The above image is the "dashboard" sheet. Please set the column "Value" in the dashboard sheet to your situation. At least, please set your API key for using Gemini API. The API is used for uploading a file to Gemini and generating content. The corpus is managed by the access token. So, it is required to link the Google Cloud Platform Project to the Google Apps Script Project.
The above image is the "data" sheet. Please set the questions and answers to columns "B" and "C". Column "D" is used for managing data. Column "E" shows IDs when the data is put into the corpus. Now, these are not required to be used.
After the above setting, this application can be worked.
When you run "Open sidebar" from the custom menu, the sidebar is opened as shown in the above image. The demonstration can be seen at the top of this report.
- Open sidebar.
- Put the data into columns "A" to "C". It supposes that you have already done this.
- Click "MANAGE CHUNK" on the sidebar. By this, the data of columns "A" to "C" are put into corpus. And, each ID on the corpus is automatically put into column "E".
- Put your question into the text box of "Generate answer".
- Click "GENERATE ANSWER". By this, the answer is generated by Gemini with your data.
If you want to update data, please do the following steps.
- Modify columns "B" and "C" and set column "D" to "Update".
- Click "MANAGE CHUNK" on the sidebar.
If you want to delete several pieces of data, please do the following steps.
- Set column "D" to "Delete".
- Click "MANAGE CHUNK" on the sidebar.
If you want to clear all data in the corpus, please do the following steps.
- Click "CLEAR CORPUS" on the sidebar.
If you want to load data from the existing corpus, please do the following steps.
- Set "databaseName", "corpusName", and "documentName" in the "dashboard" sheet. Here, please set the name of the existing corpus and document.
- Click "GET DATA FROM CORPUS". By this, the data is loaded from your corpus and put into the "data" sheet. In this case, the data is overwritten in the sheet. Please be careful about this.
You can also see the whole script at my repository.
This report details a method to improve Gemini's text generation accuracy with medium-sized datasets using Google Spreadsheet as a Retrieval-Augmented Generation (RAG) corpus.

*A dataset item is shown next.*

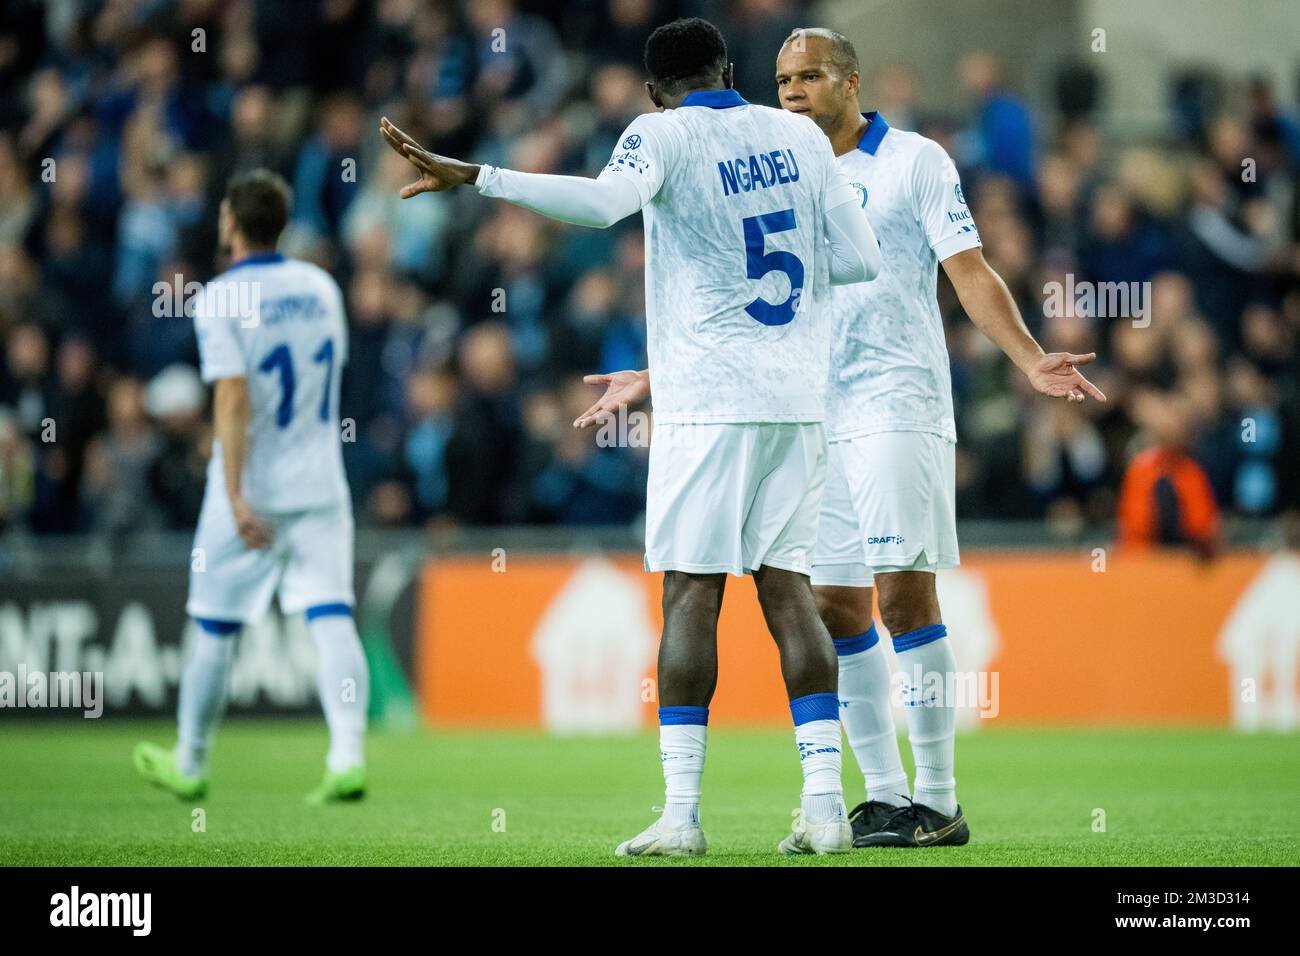 Gent's Vadis Odjidja-Ofoe and Gent's Michael Ngadeu reacts during a soccer match between Swedish Djurgardens IF and Belgian KAA Gent, Thursday 13 October 2022 in Stockholm, Sweden , on day four of the UEFA Europa Conference League group stage. BELGA PHOTO JASPER JACOBS Stock Photo

Instead of relying solely on the 'models/aqa' model, this approach leverages Gemini 1.5 Flash/Pro models for increased response diversity and update frequency. Data from the spreadsheet is divided into chunks and stored within a Google Cloud Platform corpus. A Google Apps Script facilitates data management and content generation. This allows for dynamic, accurate responses to user queries based on the information stored in the spreadsheet.